I uploaded RawTherapee_dev_5.1-115-g3281332b_WinVista_64_skylake.zip
at https://drive.google.com/open?id=0B2q9OrgyDEfPMVltRXRMQ1JoMTQ built with -march=native on my machine

For those interested, following flags are generated by GCC:

-march=skylake -mmmx -mno-3dnow -msse -msse2 -msse3 -mssse3 -mno-sse4a -mcx16 -msahf -mmovbe -maes -mno-sha -mpclmul -mpopcnt -mabm -mno-lwp -mfma -mno-fma4 -mno-xop -mbmi -mbmi2 -mno-tbm -mavx -mavx2 -msse4.2 -msse4.1 -mlzcnt -mrtm -mhle -mrdrnd -mf16c -mfsgsbase -mrdseed -mprfchw -madx -mfxsr -mxsave -mxsaveopt -mno-avx512f -mno-avx512er -mno-avx512cd -mno-avx512pf -mno-prefetchwt1 -mclflushopt -mxsavec -mxsaves -mno-avx512dq -mno-avx512bw -mno-avx512vl -mno-avx512ifma -mno-avx512vbmi -mno-clwb -mno-mwaitx -mno-clzero -mno-pku --param l1-cache-size=32 --param l1-cache-line-size=64 --param l2-cache-size=8192 -mtune=skylake

You will find the corresponding generic build RawTherapee_dev_5.1-115-g3281332b_WinVista_64.zip at the usual place: https://drive.google.com/open?id=0B2q9OrgyDEfPS2FpdDAtMVI1RG8


@sTi @gaaned92
I like this, luckily I’m Skylake, so will be installing this optimised build.

If anyone wonders whether their chip is Skylake or not, look here

(Ingo Weyrich) #19

will be more generic and also gives a good speedup for Amaze, Shadows/Hihghlights, ciecam02 and some other tools…

(Andrew) #20

@heckflosse, hi Ingo, I finally got round to building RT to see if a native compile goes faster for my i7 6700K. And it goes much faster! - it seems.

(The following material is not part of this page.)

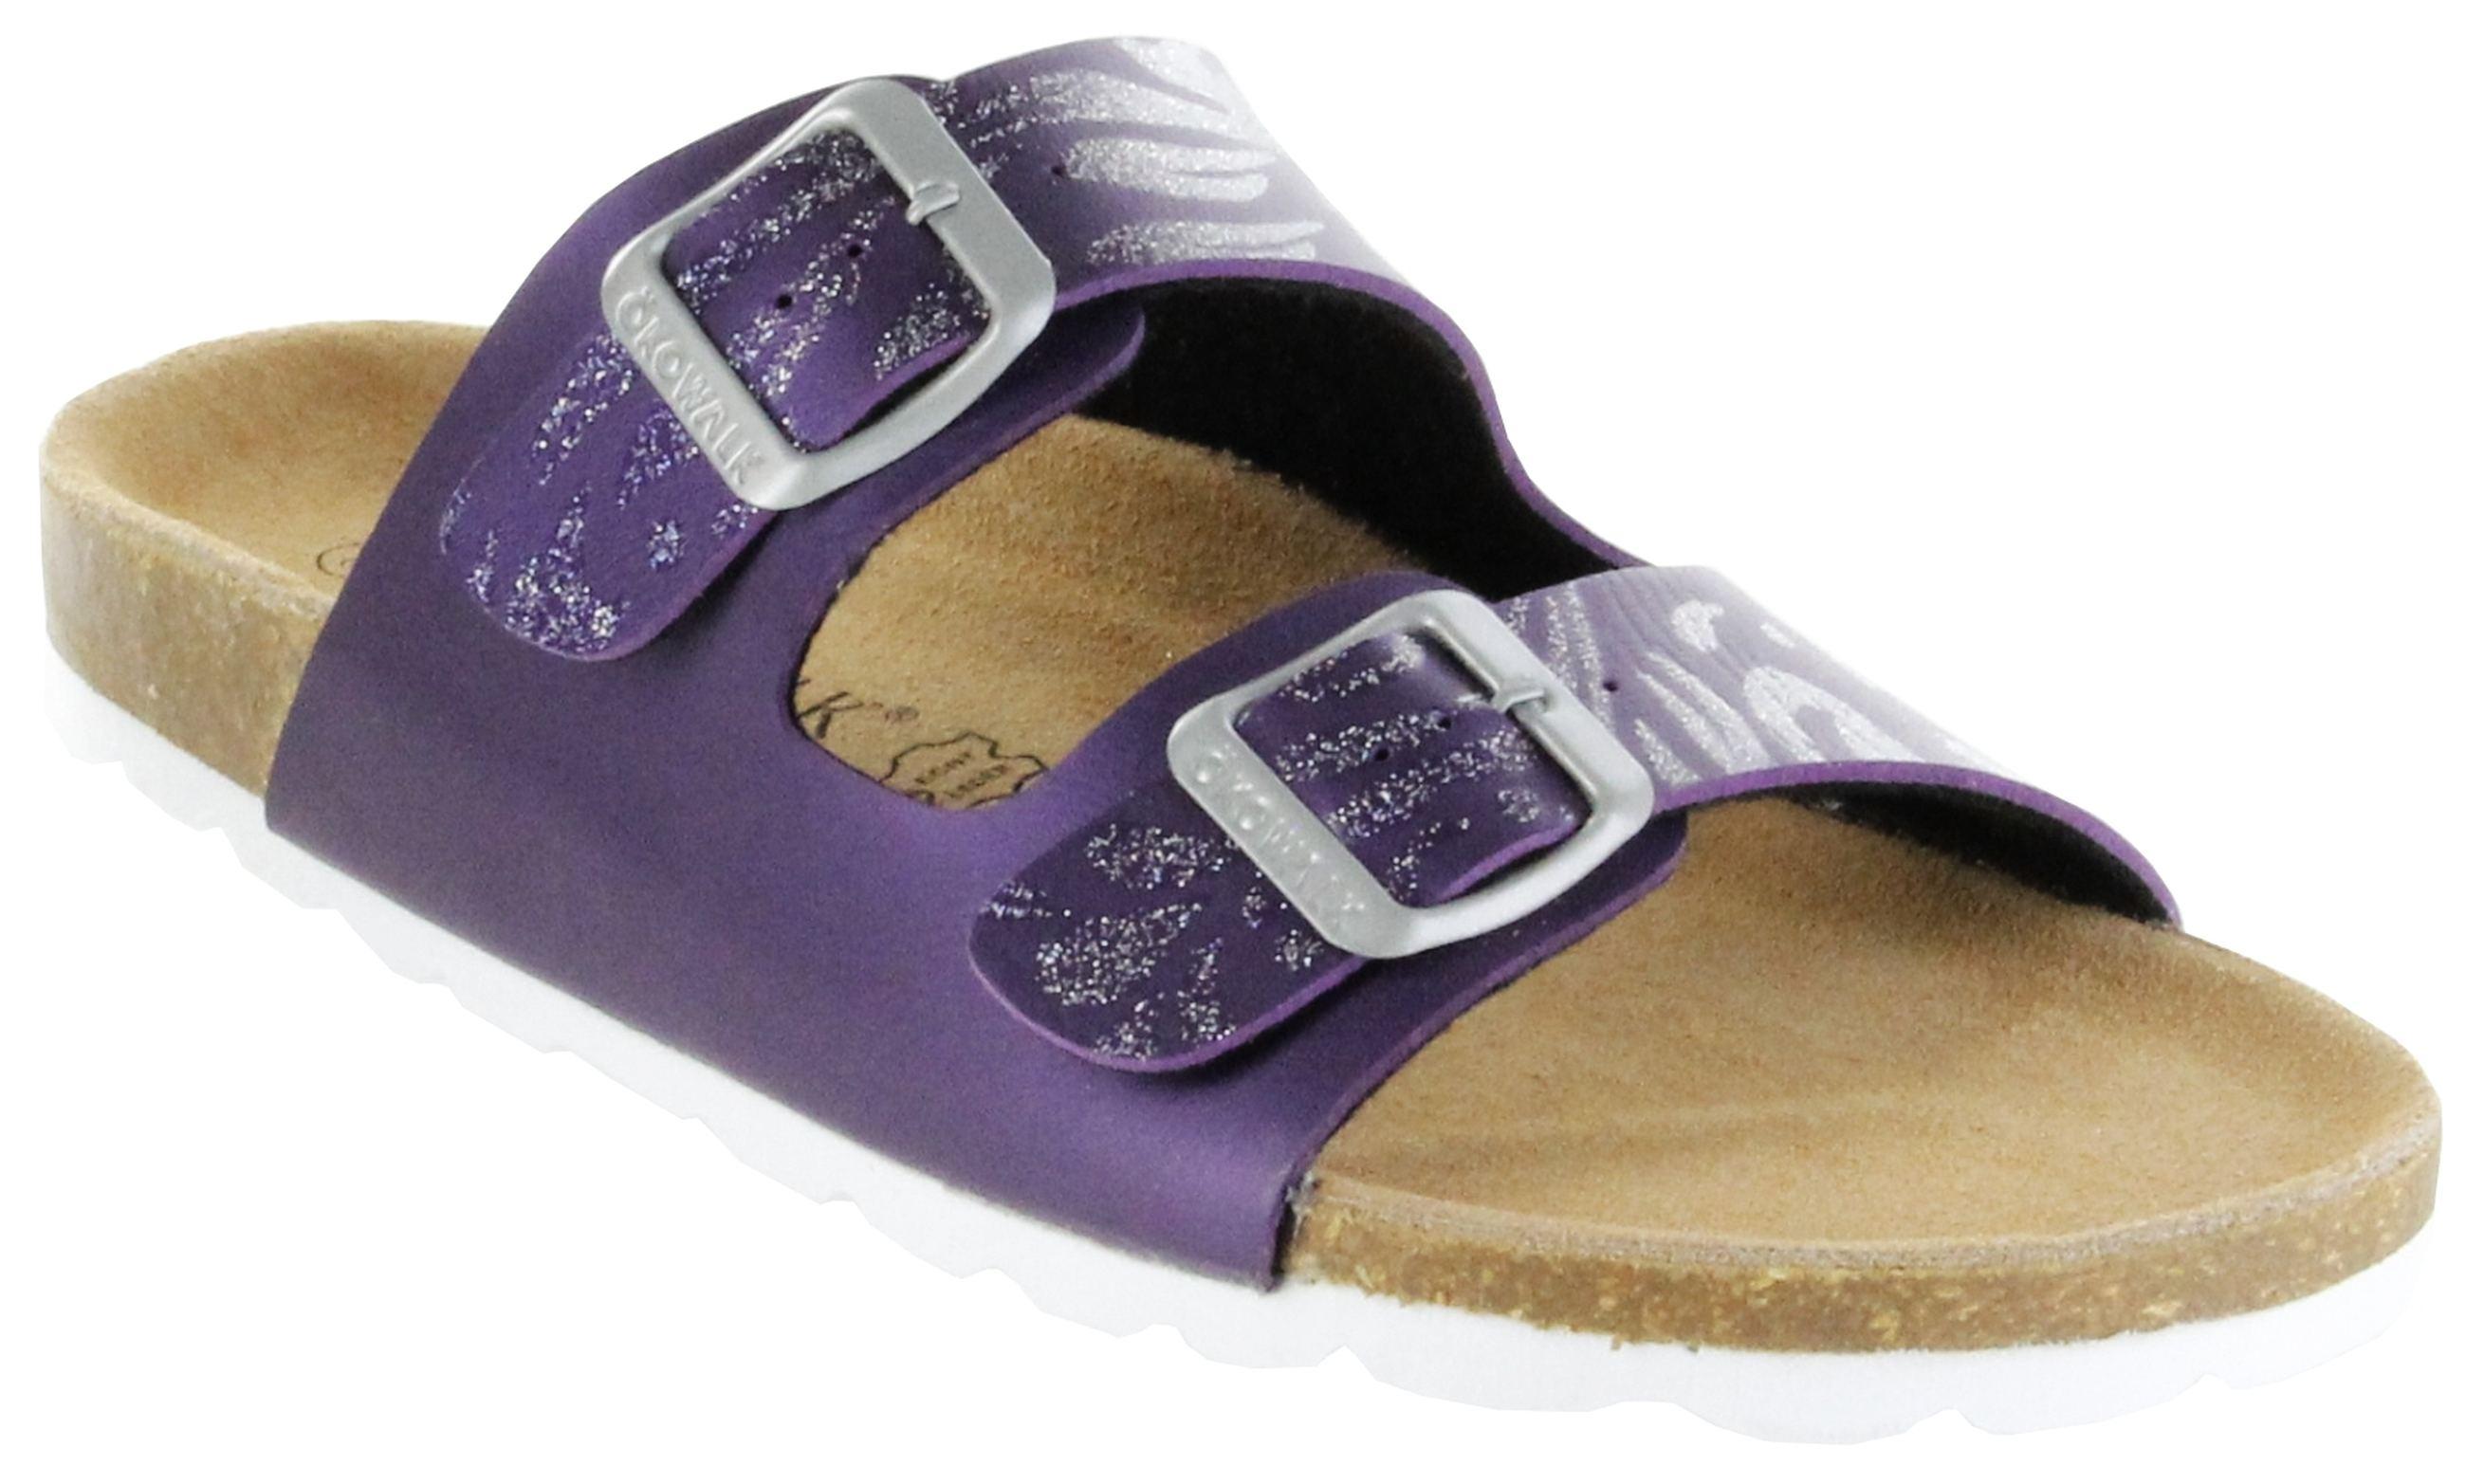 7284ef58fc76 ÖkoWalk Bios Sandalen Hausschuhe Lederdeck purple leicht non-marking Sohle Damen  Schuhe Victoria
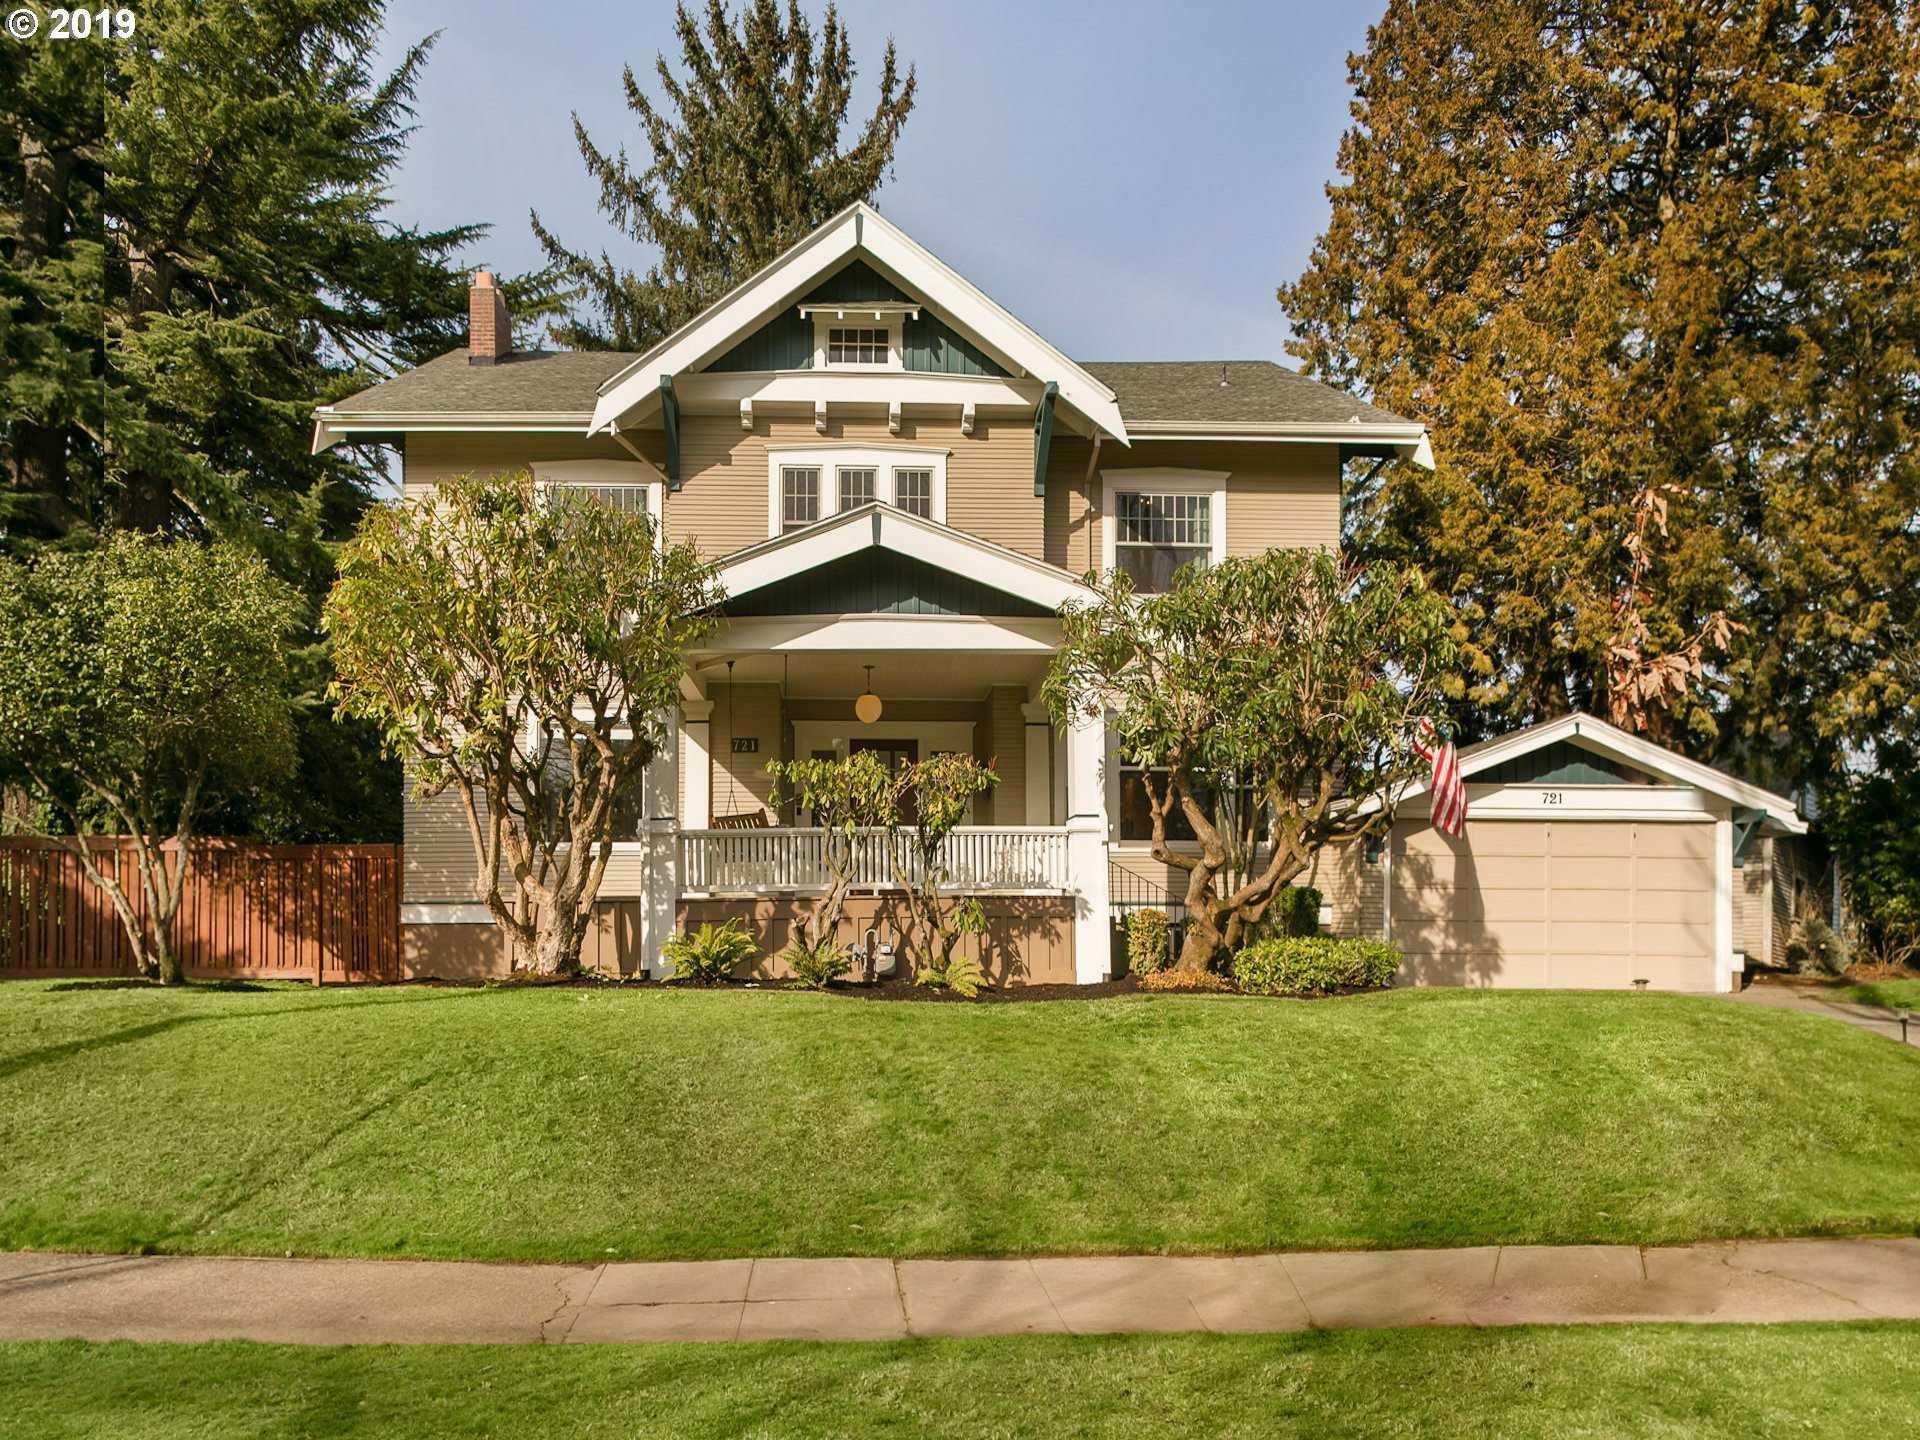 $1,300,000 - 4Br/3Ba -  for Sale in Laurelhurst, Portland

Using the same raw and PP3 (with plenty tool usage) under Ubuntu 16.10 I got these results -

  1. RT 5.1 via the usual PPA “dhor” - 21 seconds from hitting OK on Save (Jpeg) to RT saying “Ready”
  2. RT 5.2 Dev compiled today - 12 seconds.

Does anyone know if any speed-ups have been coded into 5.2 since 5.1 please? If not it seems like a great speed increase.

Here are the 5.2 details in case anything is odd…
Version: 5.2-5-g10822f5
Branch: 5.2-5-g10822f5
Commit: 10822f5
Commit date: 2017-07-27
Compiler: cc 6.2.0
Processor: x86_64
System: Linux
Bit depth: 64 bits
Gtkmm: V3.20.1
Build type: release
Build flags: -std=c++11 -march=native -Werror=unused-label -fopenmp -Werror=unknown-pragmas -Wall -Wno-unused-result -Wno-deprecated-declarations -O3 -DNDEBUG
Link flags: -march=native
OpenMP support: ON
MMAP support: ON

I got some error messages when I did sudo apt update - do these matter? -
W: GPG error: http://download.opensuse.org/repositories/home:/rawtherapee/xUbuntu_16.10 Release: The following signatures couldn’t be verified because the public key is not available: NO_PUBKEY AAC60BAB587A9447
E: The repository ‘http://download.opensuse.org/repositories/home:/rawtherapee/xUbuntu_16.10 Release’ is not signed.
N: Updating from such a repository can’t be done securely, and is therefore disabled by default.

The “Make” took the cpu up to 74 degrees C, I didn’t like that! I will limit the no. of cores next time!

Thanks RT people for the continuing work on this great piece of software.